Home > Say No More(11)

Say No More(11)
Author: Karen Rose

   I failed them, too.

   But he would not fail again. He would not fail his Abigail.

   ‘Are you all right, Papa?’ she asked, leaning in to peer at his bleeding finger.

   ‘I’ll be fine,’ he assured her. ‘What brings you skipping into my workshop, Abi-girl?’

   She giggled. ‘Abigail, Papa. How many times must I tell you?’

   It’s Mercy, Papa. Not Mercy-girl. How many times must I tell you?

   He swallowed hard, shaking off the memory of his daughter, dead for thirteen years. He tapped the end of Abigail’s adorable nose, so like her mother’s. ‘Until I get it right, obviously.’

   Abigail sighed dramatically, then stared again at his finger. ‘That’s bleeding a lot, Papa. You should go to the healer.’

   He glanced at his finger, grimacing at the sight of the rag, already heavy with blood. ‘You’re right. Why don’t you go to Deborah’s house and play? Tell her mother that I’ll be by to get you as soon as I get my finger taken care of.’

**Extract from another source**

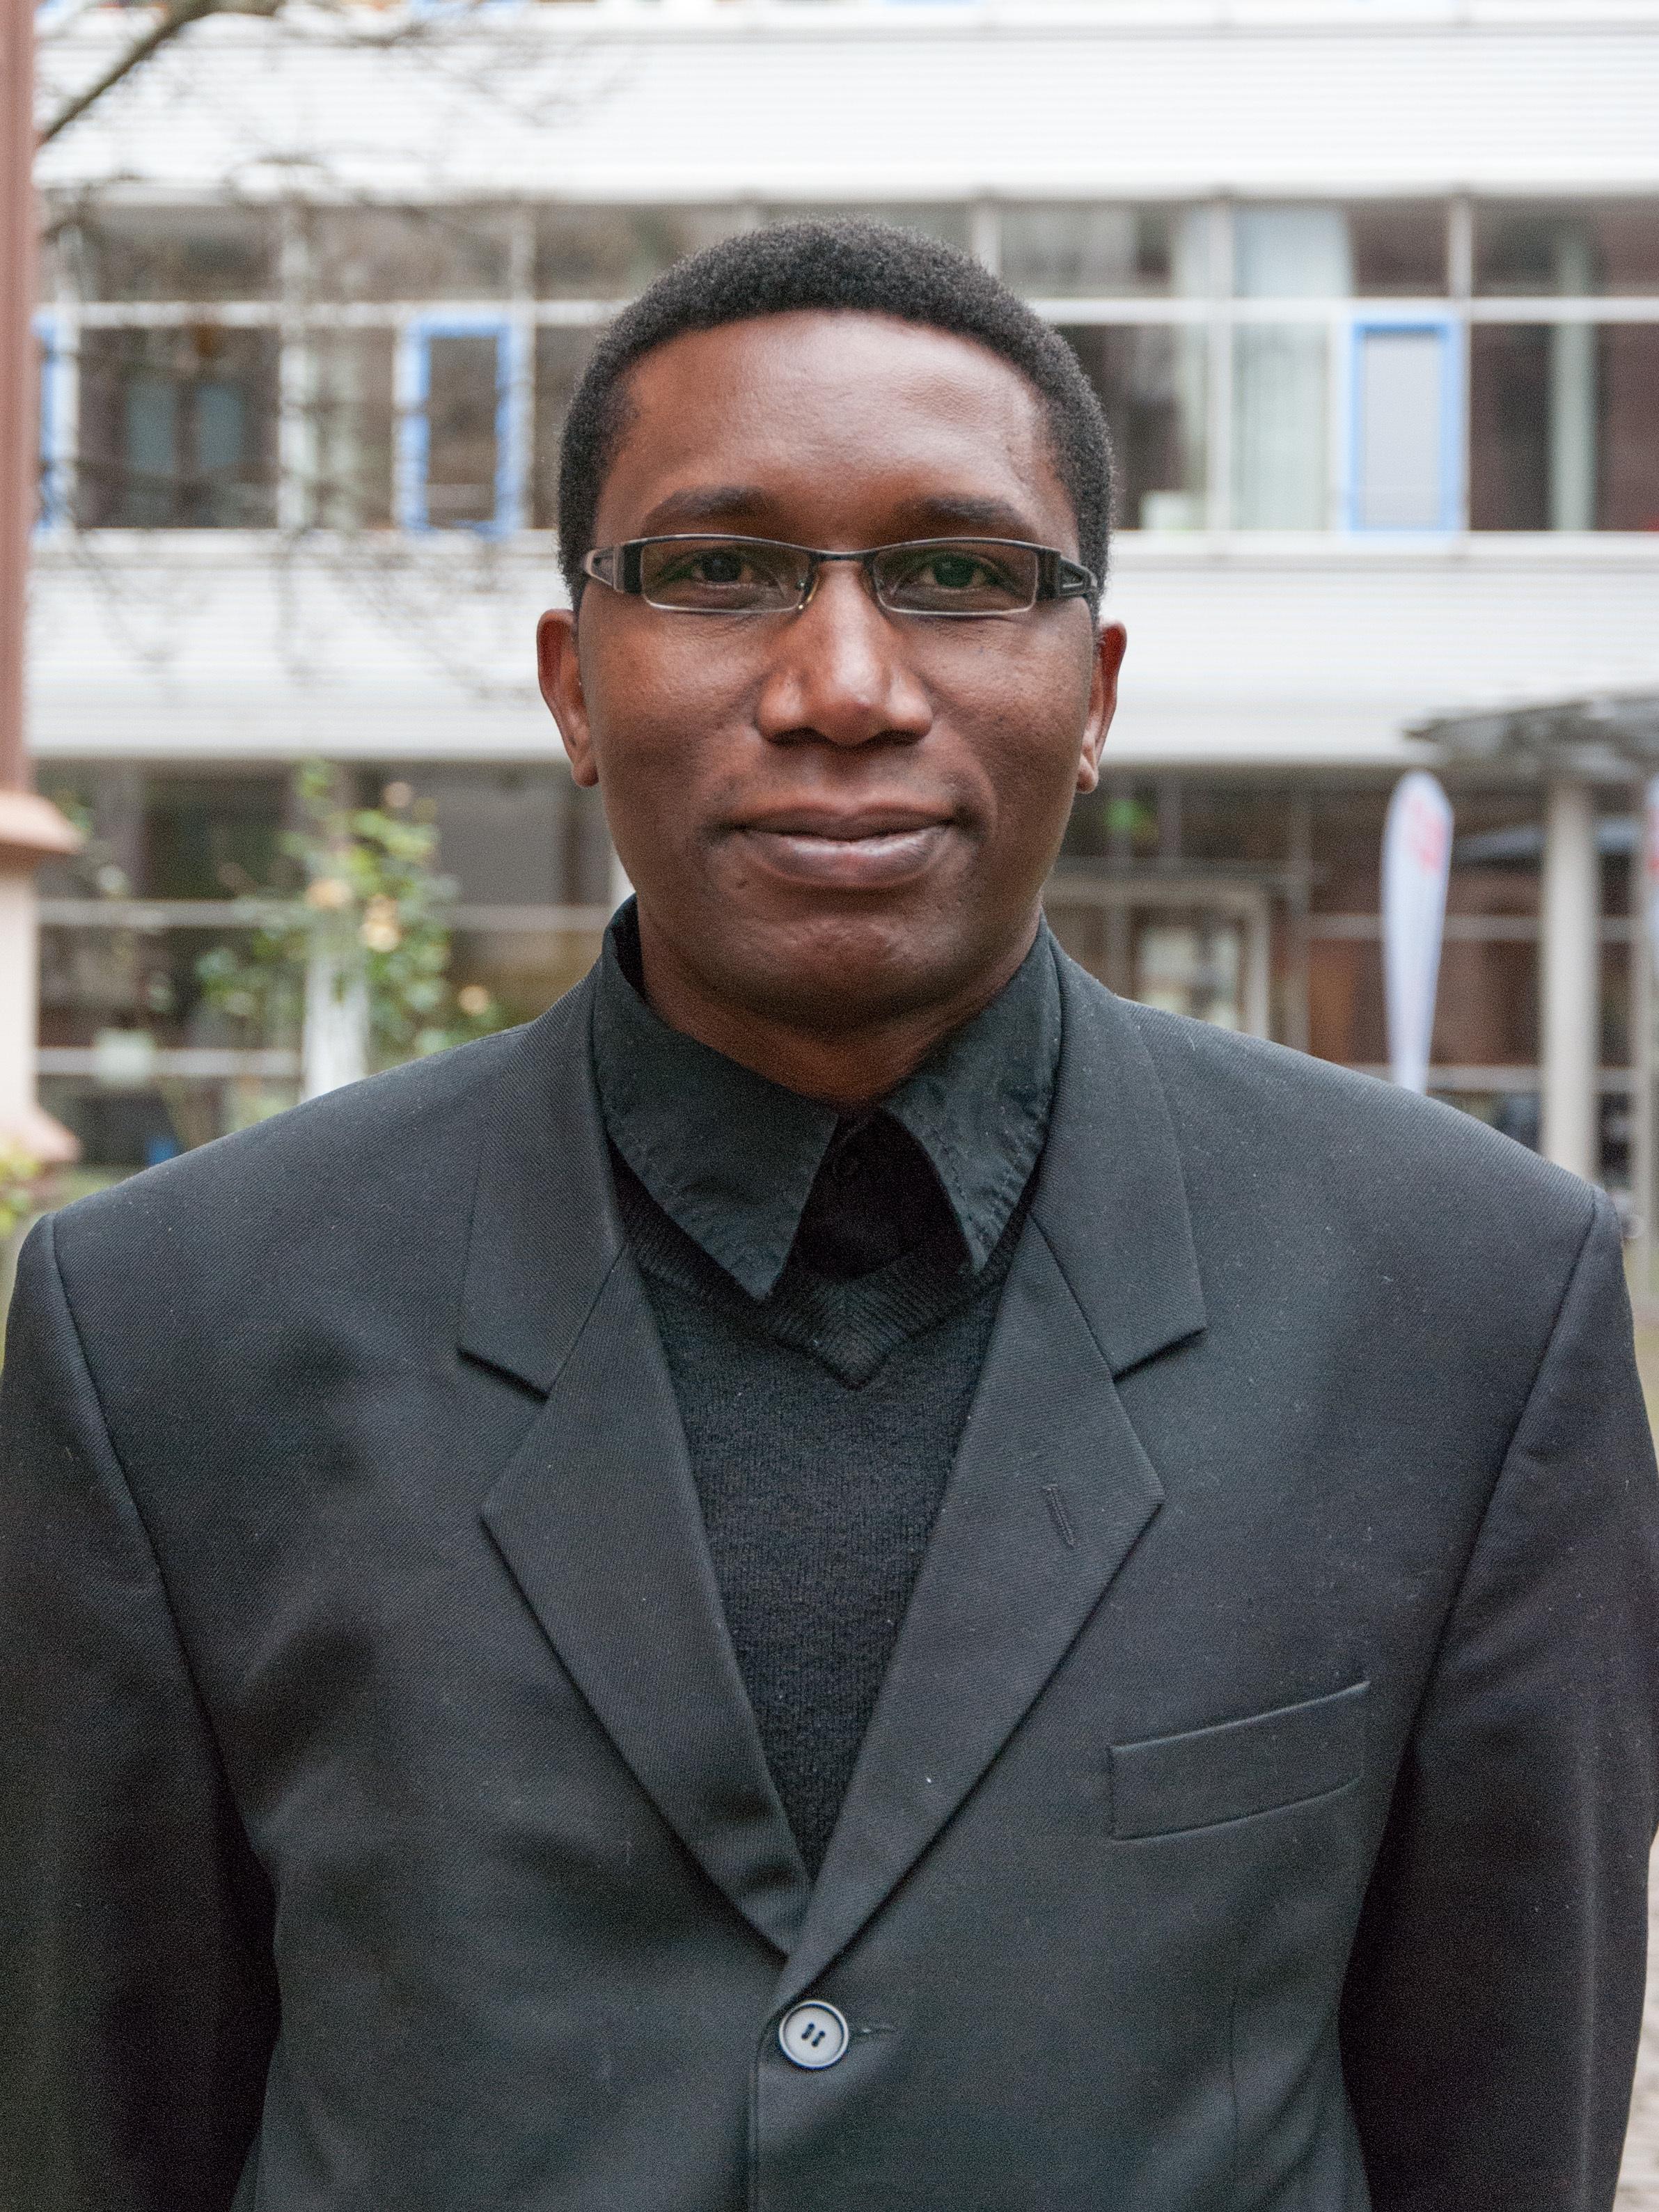 BD-Gerald-Mutarubukwa-20131121-DSC_0690.jpg

   He tossed a tarp over the almost-finished hope chest, hiding it from view. He didn’t want anyone to see it. He didn’t want anyone getting close enough to realize that its interior wasn’t nearly as deep as it should be. He didn’t want anyone spying the false bottom that hid a crawl space just large enough for a seven-year-old girl.

   For Abigail.

   The chest clearly hadn’t worked for Miriam. If it had, she’d be free instead of dead, so Amos was saving it as a last resort to get Abigail out. He first had to convince Pastor and Brother DJ to allow him to go into town when DJ took items to be traded, because there was no way Amos would leave his little girl hidden in the back of the man’s truck all alone. Move carefully. Take your time. He didn’t want Brother Ephraim to become suspicious of him or he might end up in an unmarked grave like Sister Dorcas and her family. And then who would take care of his Abigail?

   Abigail grabbed his uninjured hand. ‘I came to tell you that I have supper.’

   He looked down at her, unable and unwilling to hide his affection. ‘You do? Butter sandwiches again?’

   She rolled her eyes. ‘No, Papa. It’s roast chicken with pumpkin. Deborah’s mother made extra by mistake. She said we should eat it or it would go bad.’ She cocked her head, her pigtails swaying to one side. ‘I think she makes extra by mistake on purpose.’

   Amos smothered a chuckle. ‘You do?’

   Of course Deborah’s mother did. She was a good woman who hated to think of anyone going hungry. Her husband was a good man, always available to help.

   Amos would miss them when he and Abigail were gone from this place.

   ‘Yes,’ Abigail said with a sharp nod. ‘She does it all the time, Papa. If it was truly an accident, I think she should have learned better by now. I think she likes to feed us.’

   This time his chuckle escaped. ‘Well, we shouldn’t let on that we know her secret. We will accept her delicious gift and be thankful, yes?’ He closed the door, not bothering to lock it.

   The door had no lock. None of the homes in Eden did. Except the Founding Elders’ homes. And the clinic.

   Which was where he needed to go. He bent over and kissed Abigail’s soft hair. ‘Go play. I’ll be by to pick you up very soon.’

   He watched her bolt across the compound’s open courtyard, narrowly avoiding Sister Joan, who only chuckled and shook her head.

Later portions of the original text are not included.